## [DATA EXCERPT]
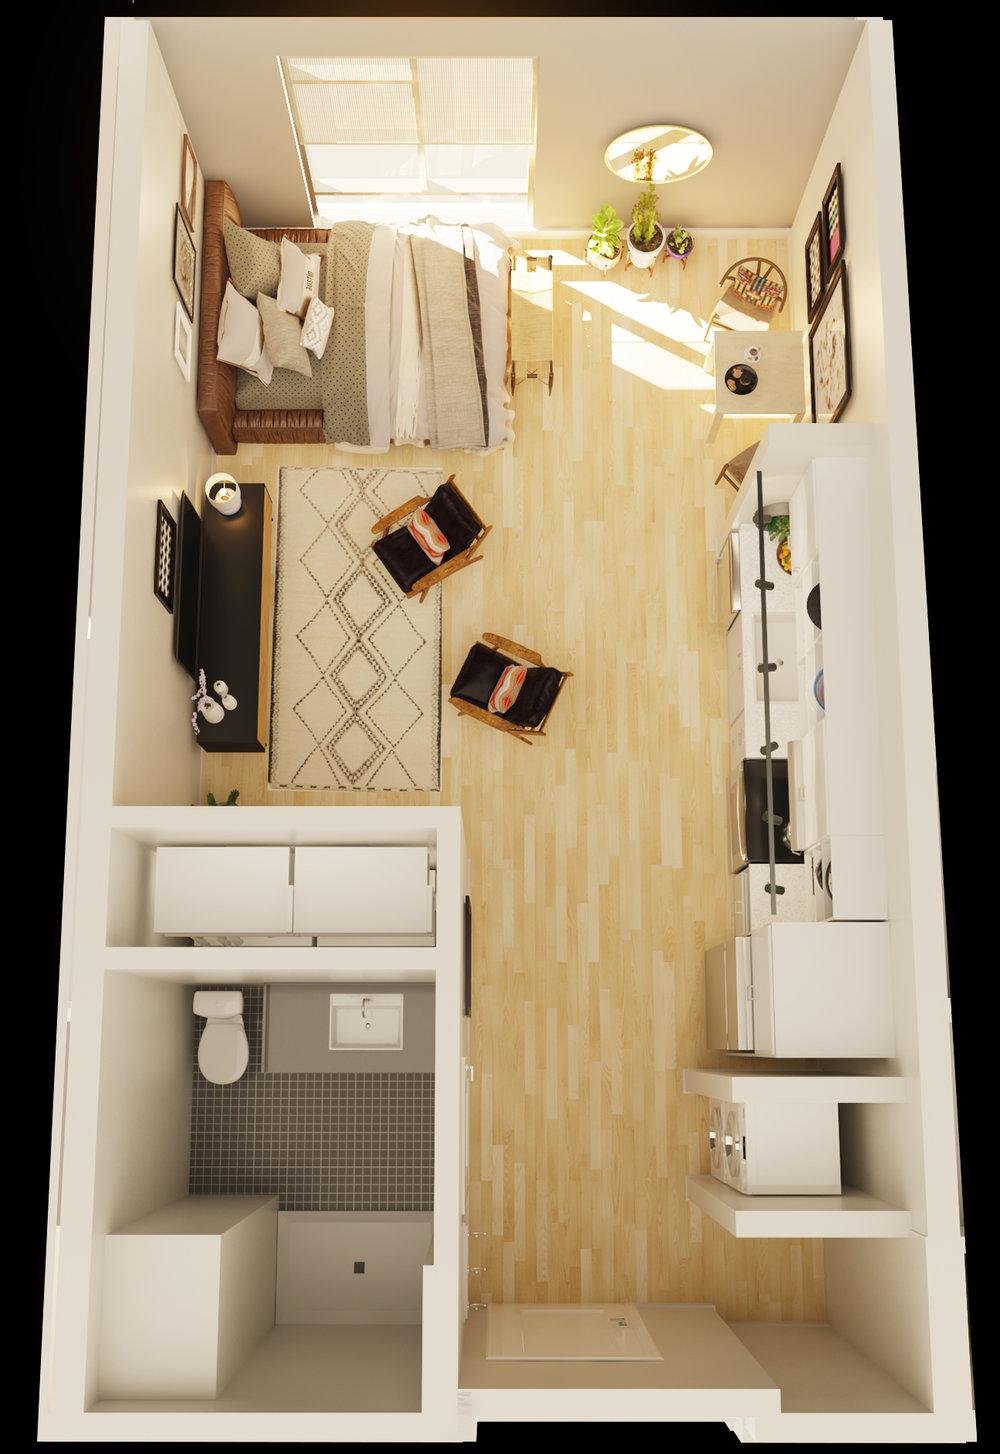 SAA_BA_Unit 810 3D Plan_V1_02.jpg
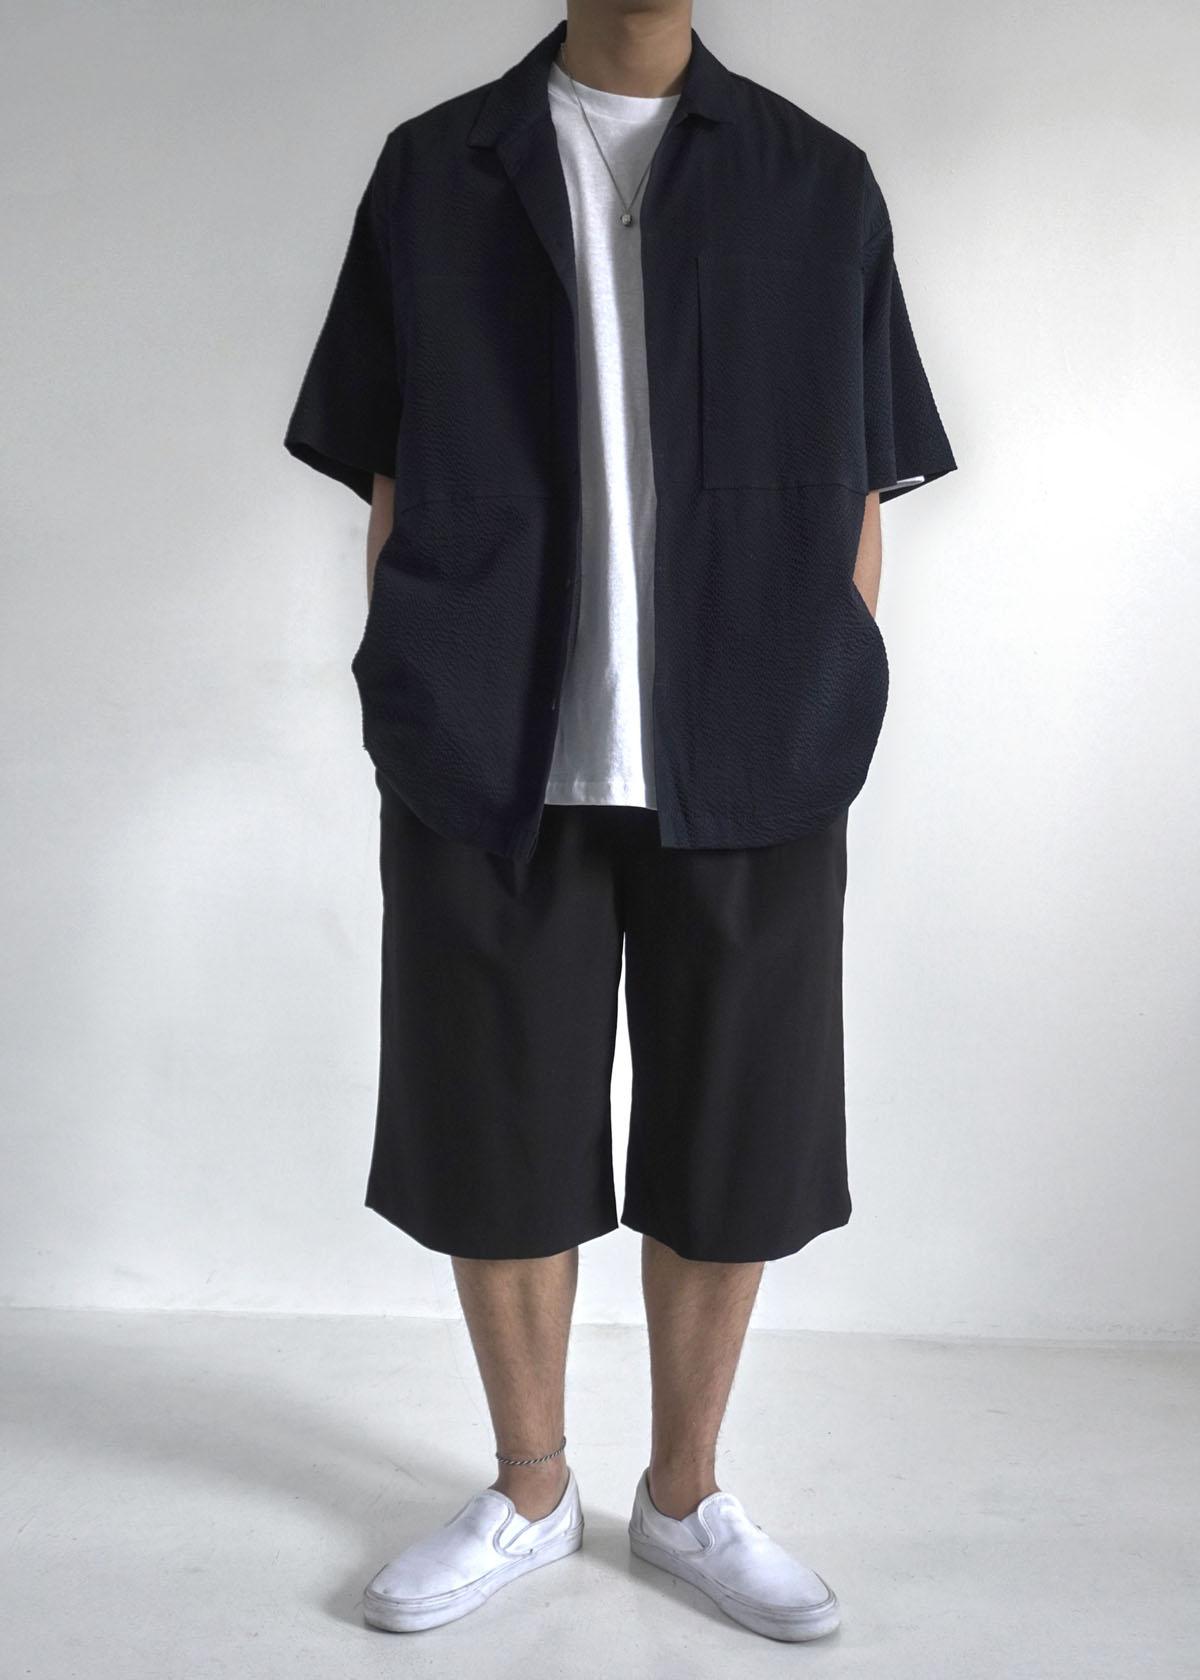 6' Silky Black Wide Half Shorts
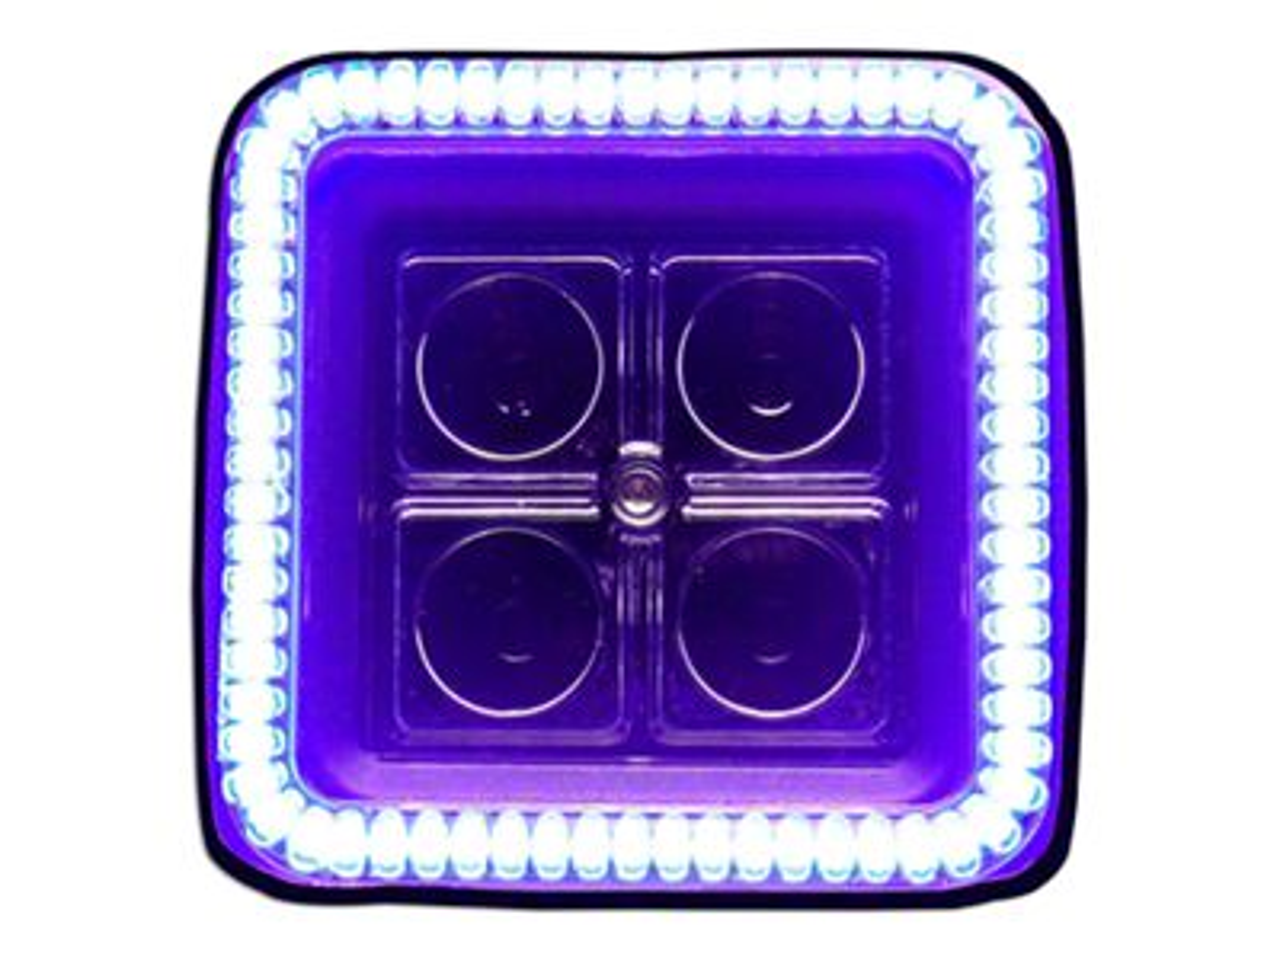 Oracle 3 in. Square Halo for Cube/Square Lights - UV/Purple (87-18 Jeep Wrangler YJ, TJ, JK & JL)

## [ABOUT THIS TASK]
Down to the last line, reproduce the material above exactly; skip its images.

## [EXERCISE OUTPUT]
 SAA_BA_Unit 810 3D Plan_V1_02.jpg
 6' Silky Black Wide Half Shorts
 Oracle 3 in. Square Halo for Cube/Square Lights - UV/Purple (87-18 Jeep Wrangler YJ, TJ, JK & JL)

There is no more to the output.